▶ **Provided material**:
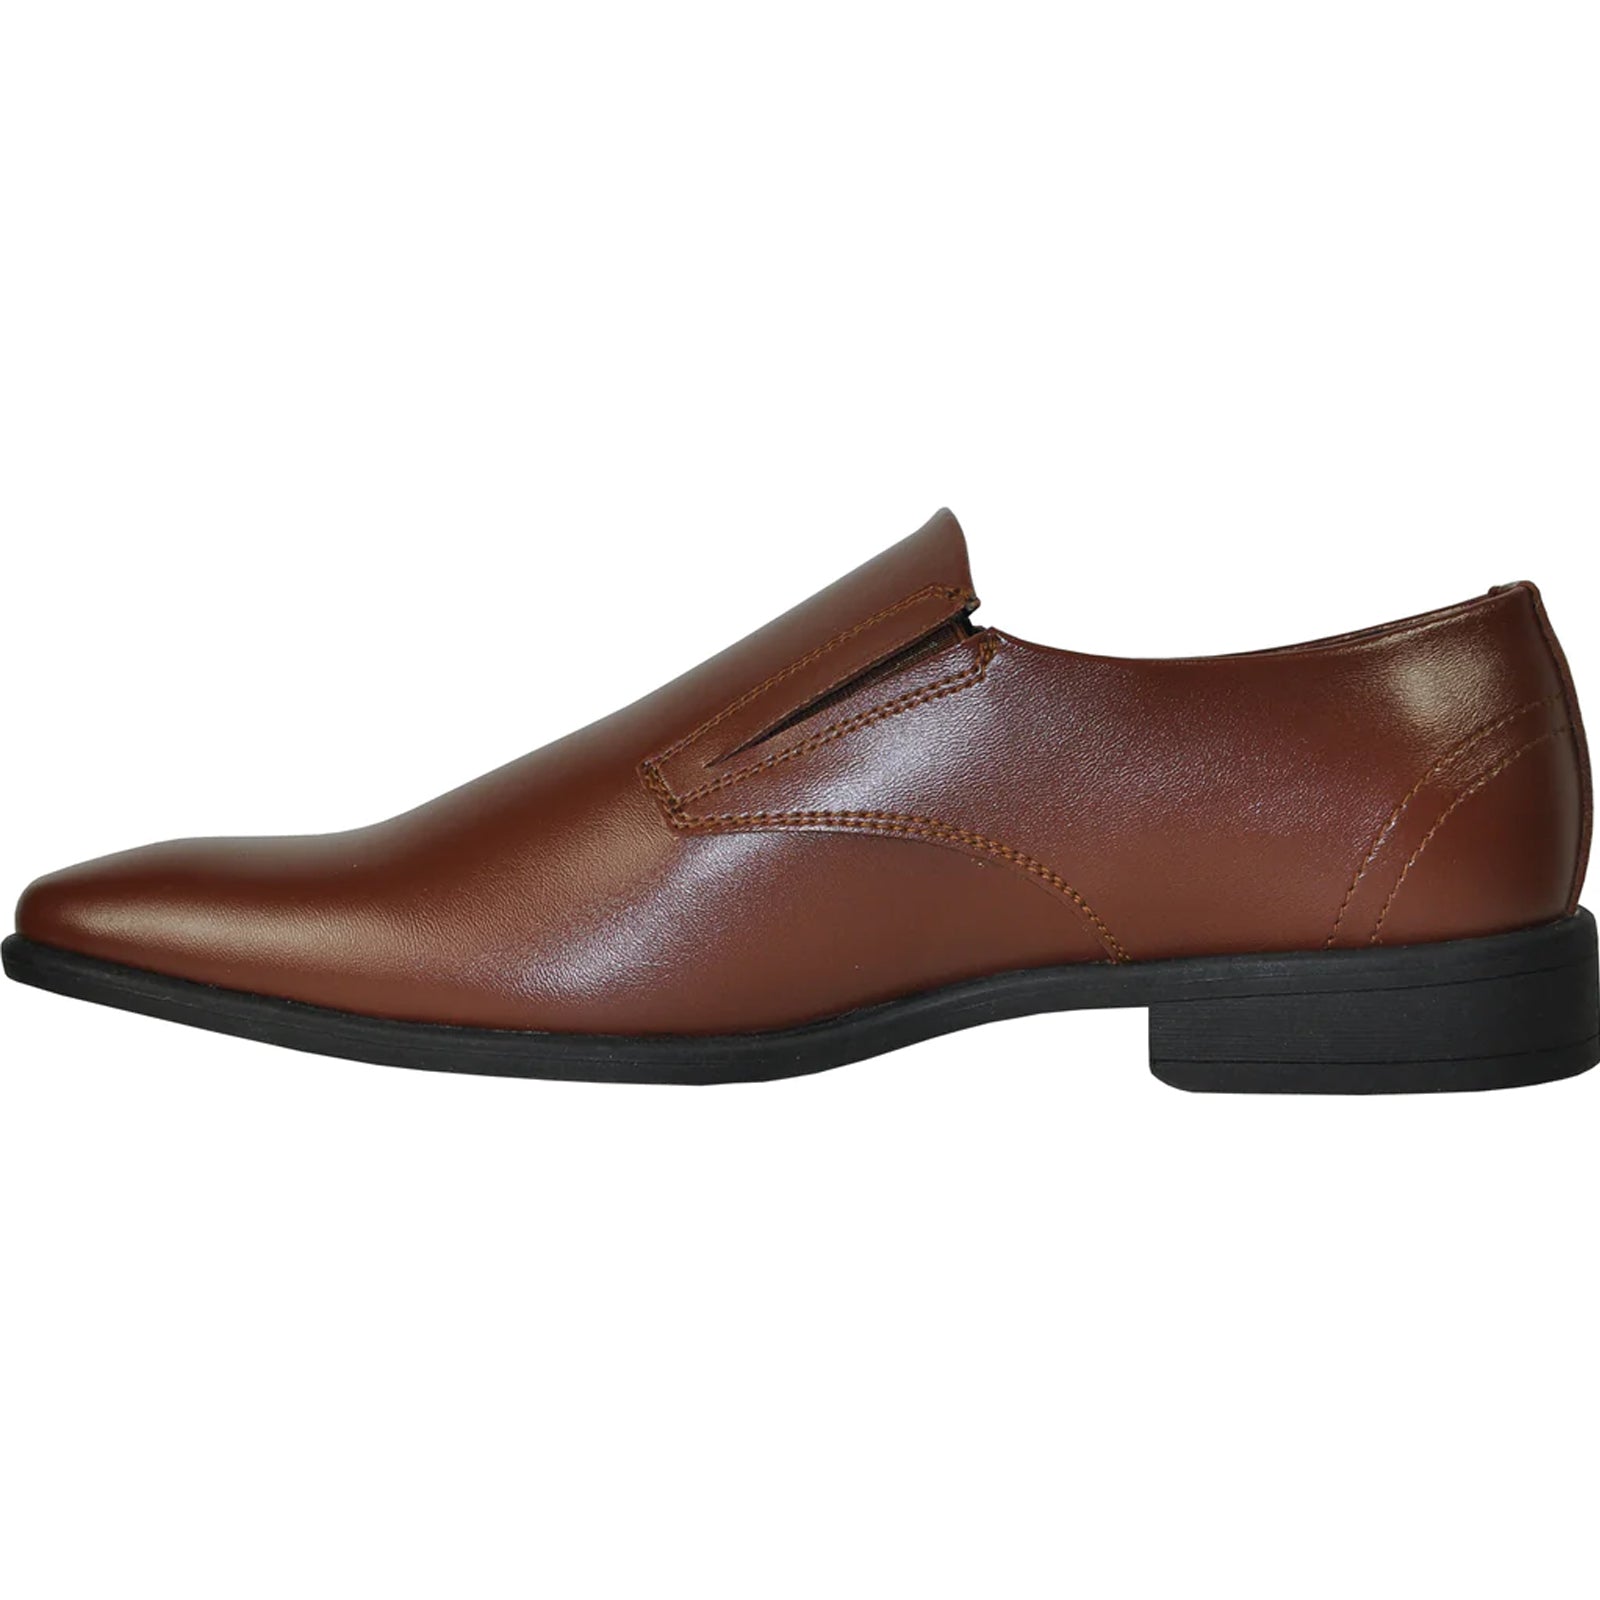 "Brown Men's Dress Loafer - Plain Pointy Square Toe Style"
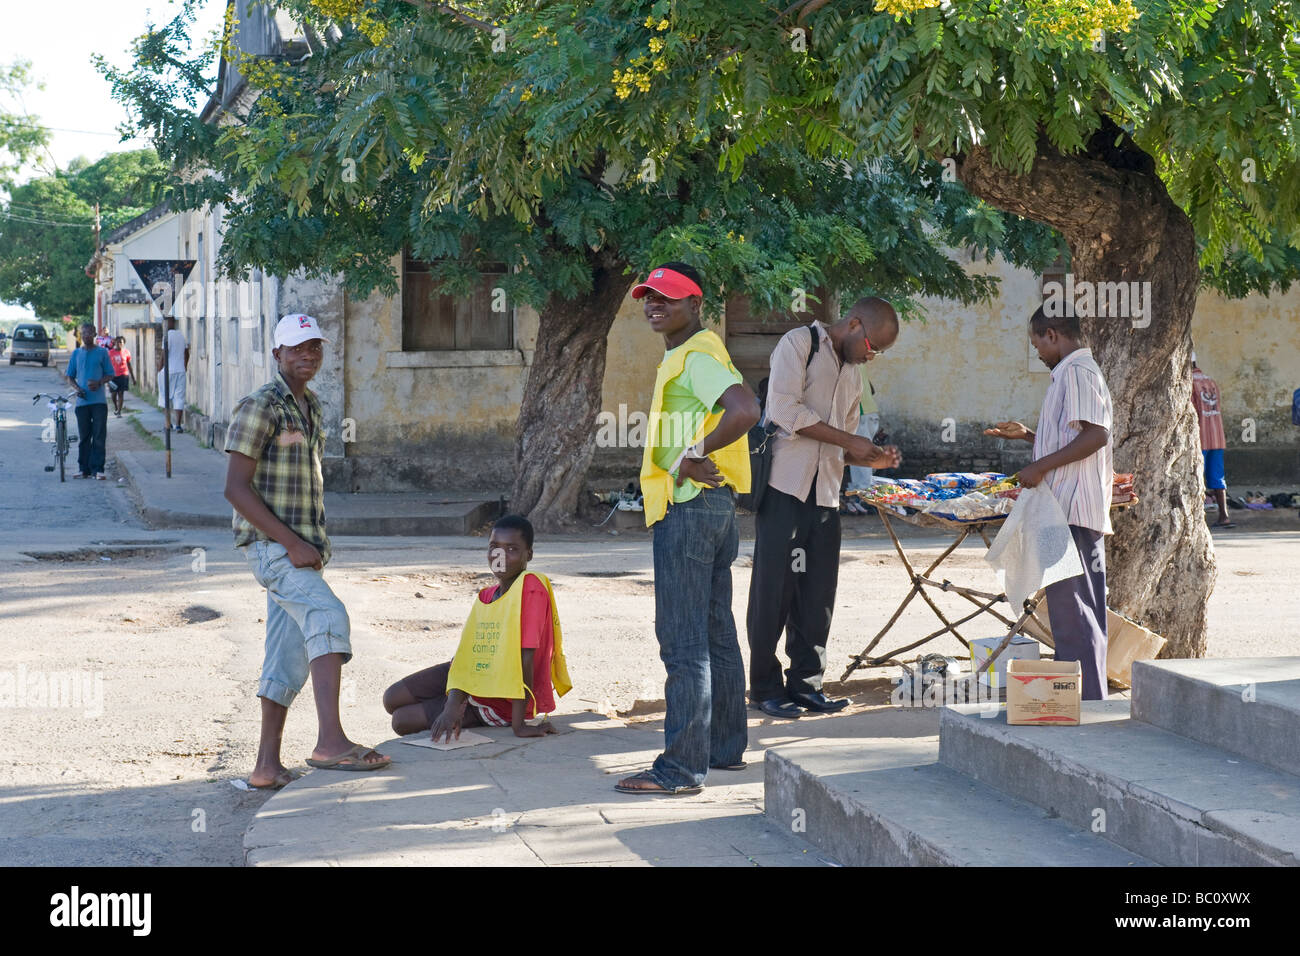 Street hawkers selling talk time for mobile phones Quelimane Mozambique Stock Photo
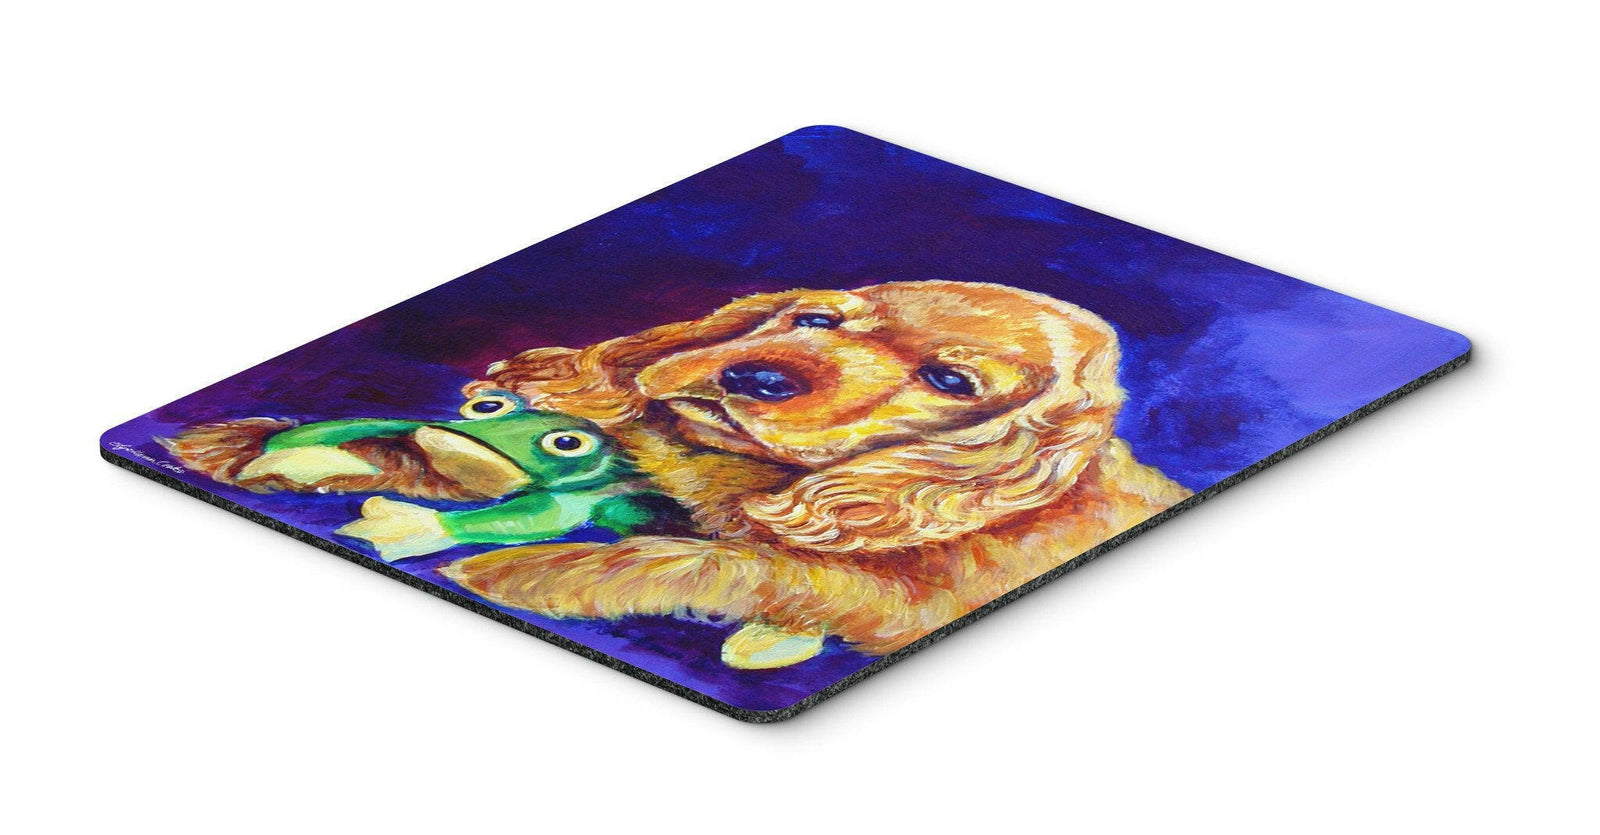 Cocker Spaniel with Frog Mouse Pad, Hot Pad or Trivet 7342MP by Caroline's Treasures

▶ **To do**:
Restate the lines above exactly, from the one bearing "Street hawkers selling" through the final line of the material, both included, omitting pictures.

▶ **Solution to this exercise**:
 Street hawkers selling talk time for mobile phones Quelimane Mozambique Stock Photo
 Cocker Spaniel with Frog Mouse Pad, Hot Pad or Trivet 7342MP by Caroline's Treasures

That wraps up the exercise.